2. Second Genesis: Sentient LifeKinder Transitions to a New Intentional, BioGenetic Questiny

Bedau, Mark, et al. Living Technology. Artificial Life. 16/1, 2010. With co-authors John McCaskill, Norman Packard, and Steen Rasmussen, whose common link could be the European Center for Living Technology, an entry to leading edges of the mind takeover of matter so as to (re)create and carry forth a better, more organic and humane, civilization.

The concept of living technology—that is, technology that is based on the powerful core features of life—is explained and illustrated with examples from artificial life software, reconfigurable and evolvable hardware, autonomously self-reproducing robots, chemical protocells, and hybrid electronic-chemical systems. We define primary (secondary) living technology according as key material components and core systems are not (are) derived from living organisms. Primary living technology is currently emerging, distinctive, and potentially powerful, motivating this review. We trace living technology's connections with artificial life (soft, hard, and wet), synthetic biology (top-down and bottom-up), and the convergence of nano-, bio-, information, and cognitive (NBIC) technologies. We end with a brief look at the social and ethical questions generated by the prospect of living technology. (89)

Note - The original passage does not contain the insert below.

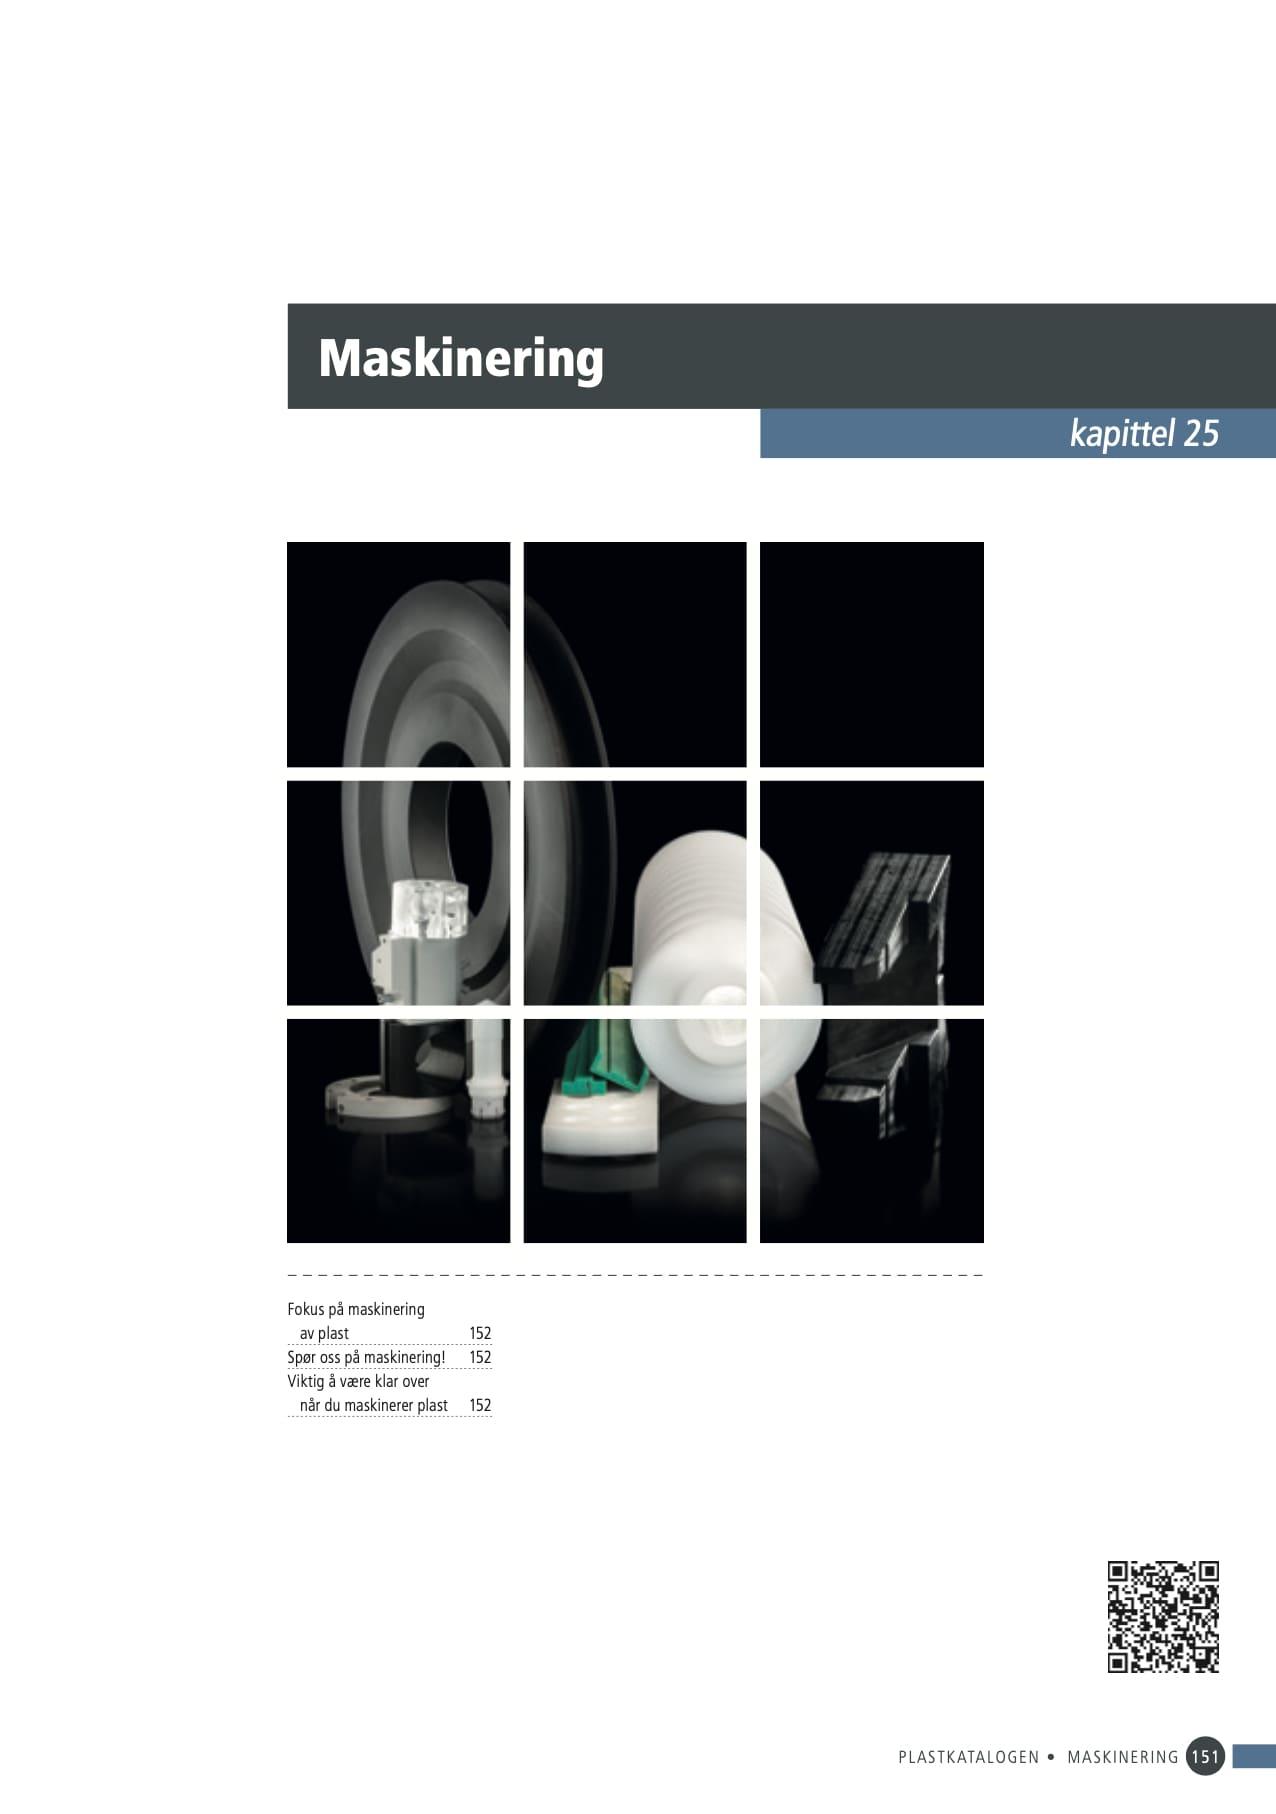 25. Maskinering

Bekiaris, Bekiaris, Pavlos and Steffen Klamt. Designing Microbial Communities to Maximize the Thermodynamic Driving Force for the Production of Chemicals. PLoS Computational Biology. June, 2021. MPI for Dynamics of Complex Technical Systems consider ways to apply our collaborative findings about bacterial composites so as to begin a new phase of intentional formulations for an array of beneficial uses. See also An Evolutionary Algorithm for Designing Microbial Communities via Environmental Modification by Alan Pacheco and Daniel Segre in the Journal of the Royal Society Interface (June 2021).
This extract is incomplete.